Избранное [компиляция] - Леонид Николаевич Андреев
«Дневник Сатаны», к сожалению, так и остался незавершенным, хотя это, несомненно, одно из лучших произведений Леонида Андреева. Стиль его стал гораздо строже, сдержаннее, но и ярче — свободное, уверенное владение словом, подчиненным выверенной, выстраданной мысли. Этот роман воспринимается как итог художественных поисков писателя, в нем переплелись все важнейшие темы его творчества: абсурдность мира и порождаемый ею беспредельный нигилизм; ложь как способ существования человека и человечества; красота живой природы и спасительная сила любви — и их ненадежность, непрочность; раздвоенность человеческого сознания, колеблющегося между бездной тысячелетних инстинктов и стеной непознаваемого. Здесь же Андреев трезво и самокритично оценил свое увлечение войной, хотя и вывел ее побудительные причины за пределы политики и экономики, — представив ее как страшный опыт самоуничтожения, подготовленный слепой верой людей в чудо, умело использованной «сверхчеловеками» наподобие Фомы Магнуса. Писатель как бы извне, глазами посланца «невыразимого» — Сатаны, смотрит на мир, одновременно и прекрасный и отвратительный, и его свежие впечатления превращают привычное и даже скучное в настоящее открытие, увлекательное и волнующее.

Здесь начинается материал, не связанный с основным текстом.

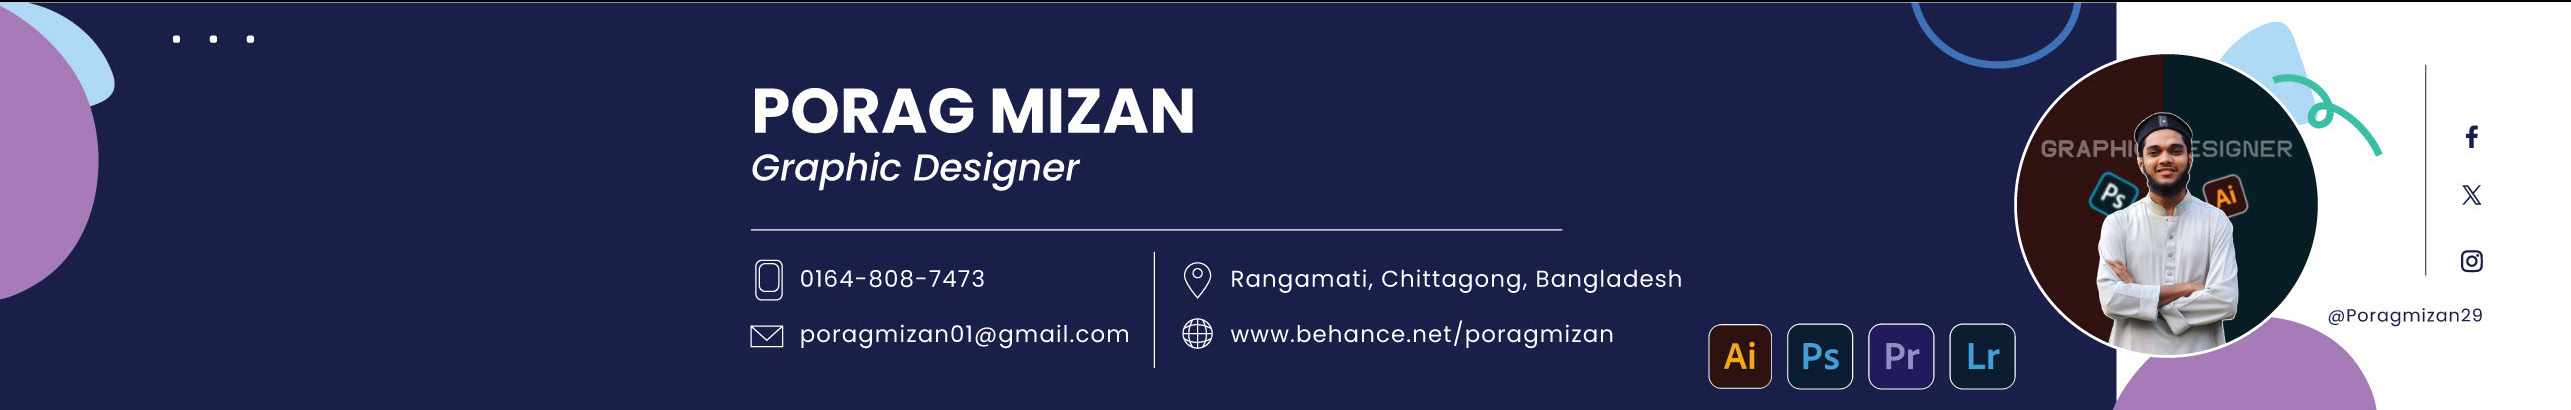 Porag Mizan's profile banner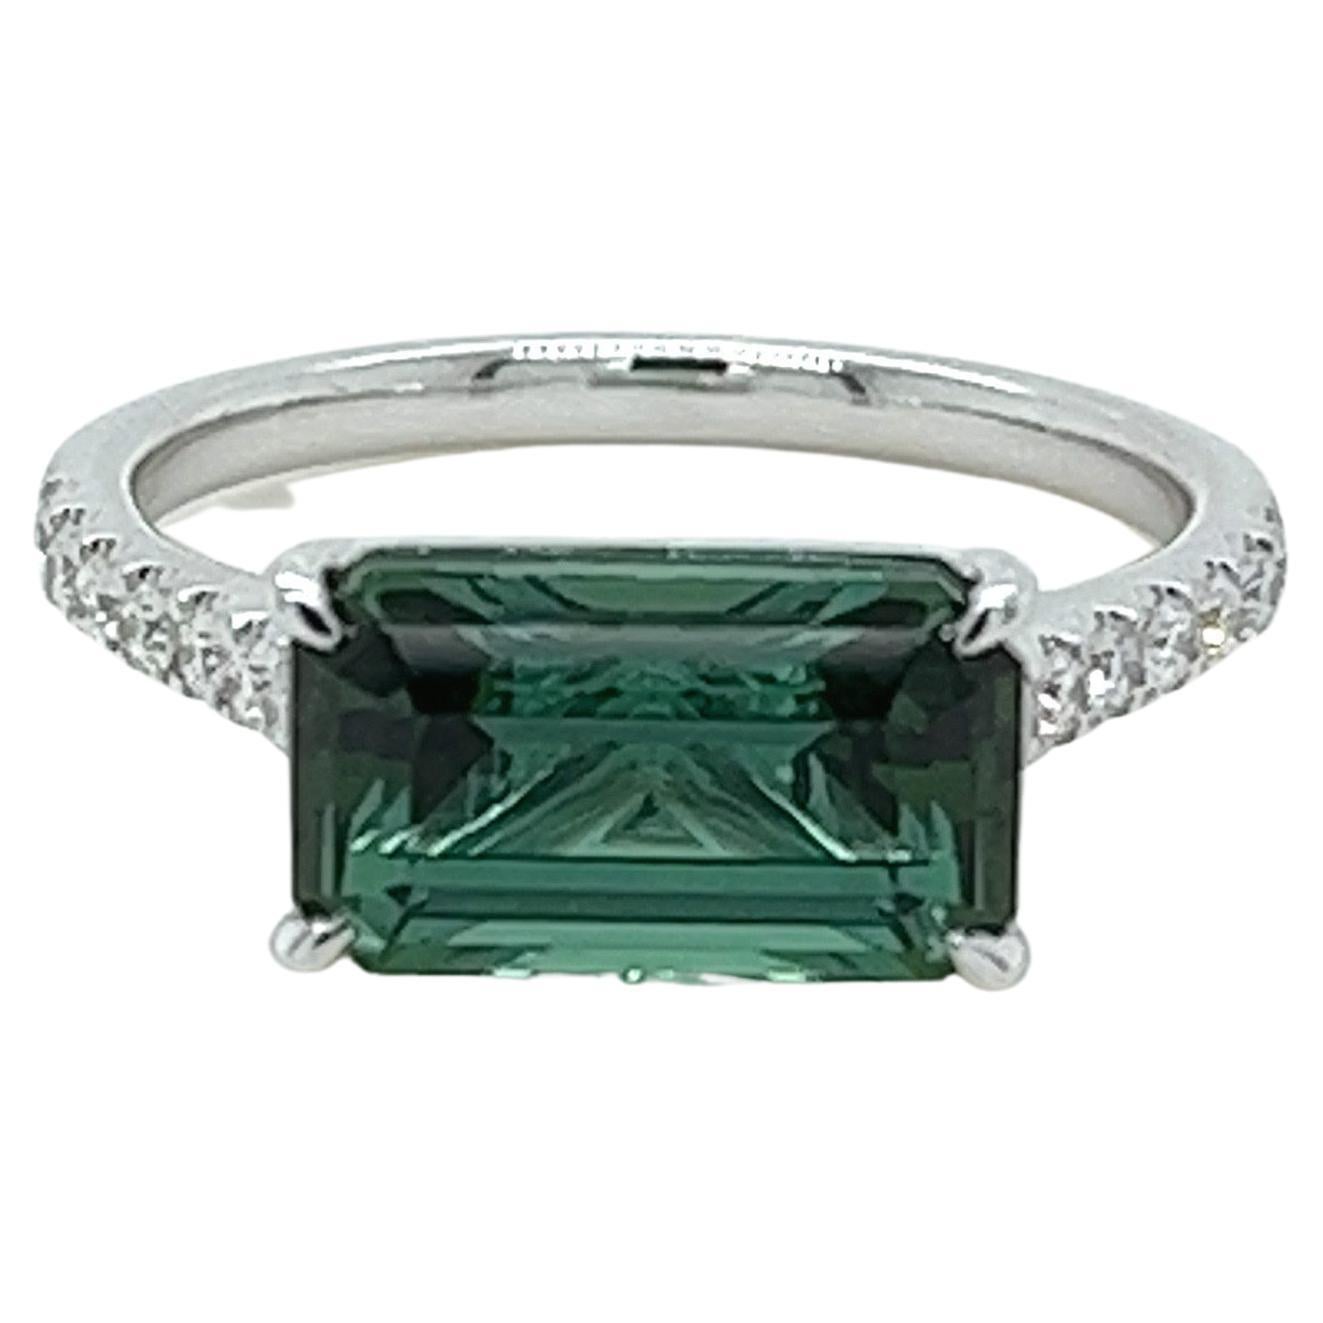 3.68 Carat Emerald Cut Green Tourmaline & Diamond Ring in 18 Karat White Gold

Трагедия последнего года жизни Леонида Андреева была трагедией его полной изоляции от России и его невыносимой любви к ней. 19 мая 1918 года он записал в своем дневнике: «Вчера вечером нахлынула на меня тоска, та самая жестокая и страшная тоска, с которой я борюсь, как с самой смертью. Повод — газета, причина — гибель России и революции, а с нею и гибель всей жизни» [69]. Снова он бросился в политику, оказался в чуждой, враждебной ему среде банкиров и помещиков и с ними был вынужден делить свою боль, свою утрату. «Это была первая смерть Леонида Андреева», — пишет в своих воспоминаниях Ф. Н. Фальковский[70]. Призыв к гражданам союзных держав спасти Россию («S.O.S.», февраль 1919 г.), затем поиски контактов с «Северо-западным правительством» Юденича — все эти шаги отчаяния приближали конец; все чаще случались сердечные приступы. 12 сентября 1919 года в деревне Нейвола, куда семья писателя перебралась из-за близости фронта, Андреев умер от кровоизлияния в мозг. Вот свидетельство Ф. Н. Фальковского: «Я рылся в книгах, когда вдруг увидел перед собой Леонида Николаевича в пальто, с биноклем в руках. Он дрожал.
— Что с вами?
— Был на башне. Туманно. Искал Кронштадт и не нашел. Не нашел…
На другой день он умер.
На руках своей семьи, без графов и банкиров, в глубокой нищете. За все время его пребывания в Финляндии — мне это доподлинно известно — рука его не коснулась ни одной копейки из того обагренного братской кровью золота, которое сыпалось в карманы всех тех, кто примазывался к белому движению.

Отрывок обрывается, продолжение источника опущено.